The Free Pulpit’s aim also concerns freedom, but unlike its compliment, it is as difficult to explain as it is to understand and maintain. It is created and maintained as a socially created arrangement. It is the freedom human beings create in time; which means it is relative to a generation's faithfulness and understanding. The Free Pulpit is something more than what any generation, including this one, explicitly practices or implicity embodies. For example, the Free Pulpit does not mean the free access of the pulpit by anyone, that the pulpit is the “Open Mike at the Improv.” The Free Pulpit is guarded by the social arrangement of the covenanted community and its faithfulness to that covenant. It does not mean that the pulpit is this century’s version of the 19th century Lyceum or is the theological version of Toastmasters, where individuals “learn” to speak publicly or organize thoughts into a coherent manner. The pulpit “becomes free” over time through the bond established between a spiritual community and an individual called to serve as that community’s spiritual leader; an individual who must seek to lead by understanding what the Free Church tradition is and endeavor to have his or her life shaped by its disciplines. The spiritual community itself maintains the Free Pulpit by guarding its access through lending it only to one who, through a mutual agreement consented to, “walks” with that community in the authority given by that community, and not by any one individual or set of individuals who happen to inhabit that community at a particular moment in time. It is the product of a relationship over time. And, finally, the Free Pulpit doesn’t mean a person can say anything from it that he or she wants. That’s the most common misunderstanding of the Free Pulpit. It’s often confused with absolute verbal license, such that someone might mistakenly retort, “If a person can’t say anything from the pulpit it’s not free.”

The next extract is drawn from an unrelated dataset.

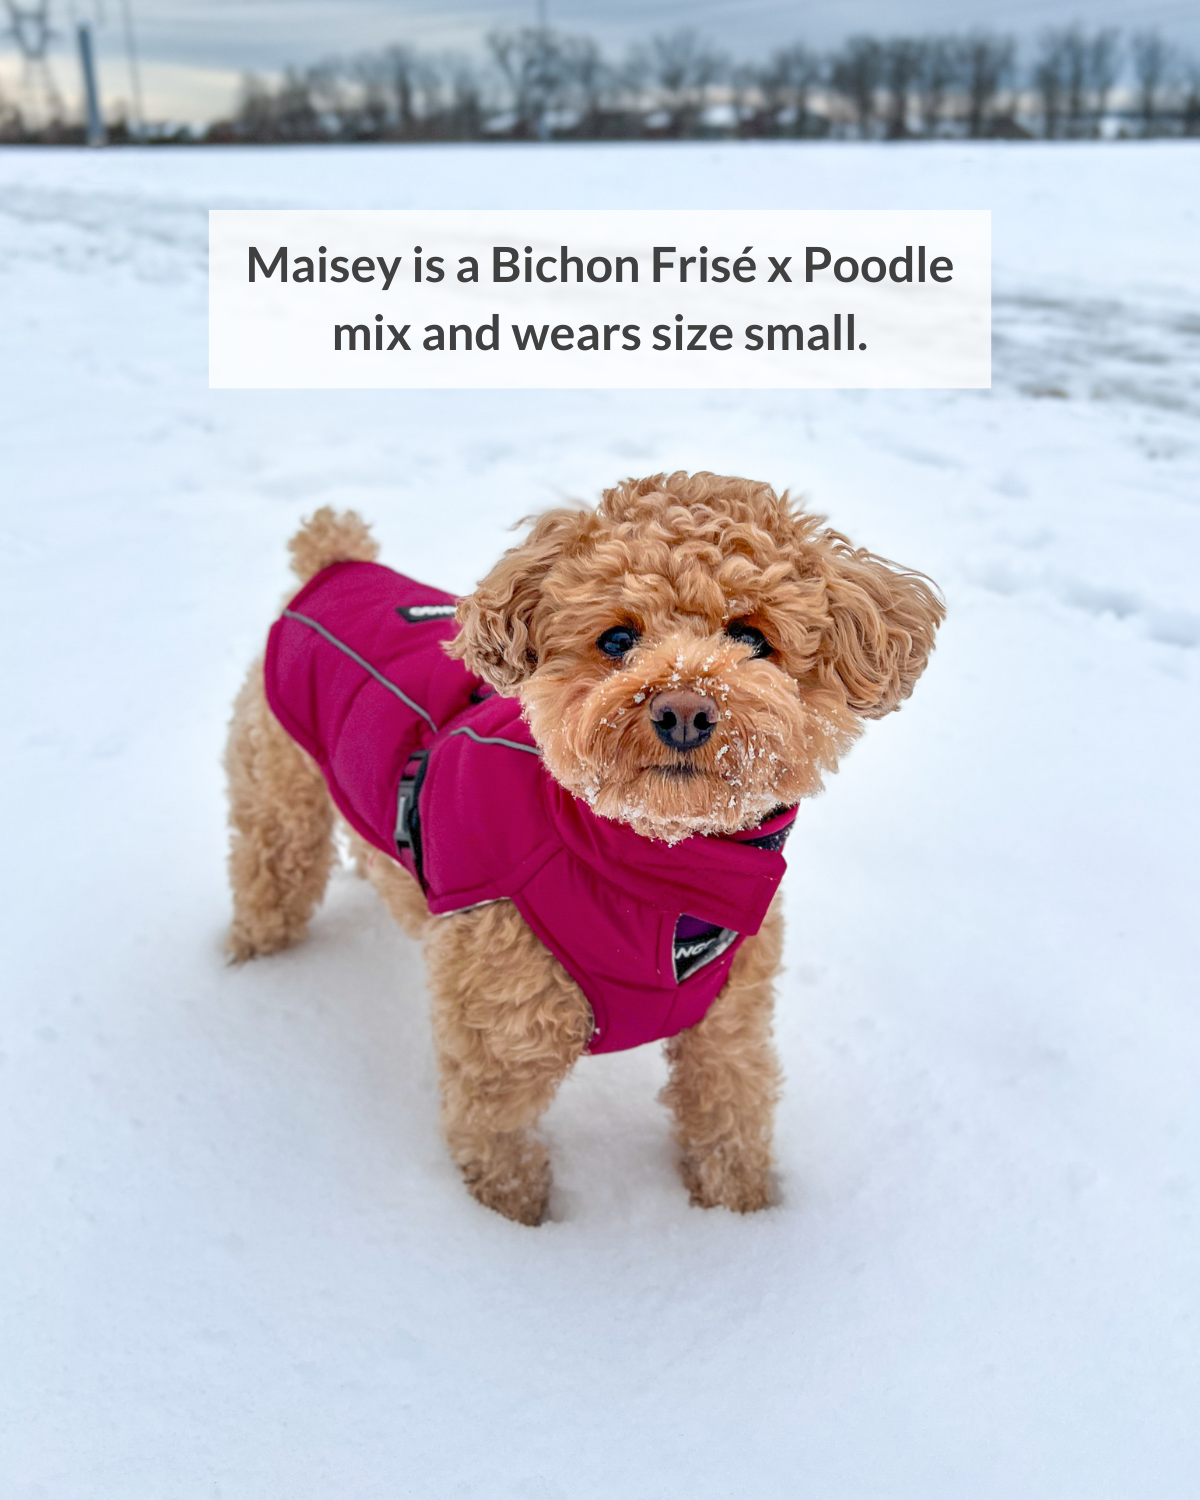 Designed for all winter weather, DJANGO's very warm and insulated winter dog coat will protect your dog during every cold weather outing and adventure. Maisey is a Bichon Frise and Poodle mix and wears size small perfectly - djangobrand.com

A pulpit is free because it is the product of a spiritual agreement, a covenant, lived out over time. And a spiritual covenant is instituted as a bond of affection. Its foundation is love. And love here is distinguished from the vagaries of romanticism by the theological declaration that a covenant is a "Covenant of Being," that its origin is in God known as and through Love. A pulpit isn’t free because anything can be said from it, because that can be done from any pulpit. I’ve heard it said in contrast that you can’t say anything from pulpits in other churches without severe consequences; meaning, of course, that saying anything doctrinally blasphemous from an orthodox, creedal Christian church’s pulpit will have consequences for the speaker. But, there are consequences in every pulpit when anything is said. All relationships have consequences, whether or not they involve freedom; and especially relationships that do involve freedom because they involve consent and decision. Freedom doesn’t mean the absence of consequences. The Free Pulpit is not built on absolute verbal license. Spiritualized freedom is the yield of a bond of affection. It involves discernment by the individual who has been lent the pulpit by the community, shaped by the obligation that individual has to the bond of affection formed with the community. So a Free Pulpit is free because there exists a bond of affection between a spiritual community and a minister; a covenant that includes love and judgment, and which goes both ways. From this affection, freedom can grow from this mutuality and obligation into a possibility larger than our individual beliefs, our narrow self-interests, a Spirit that is liberated when together we aspire to and are called by an affection larger than any one of us.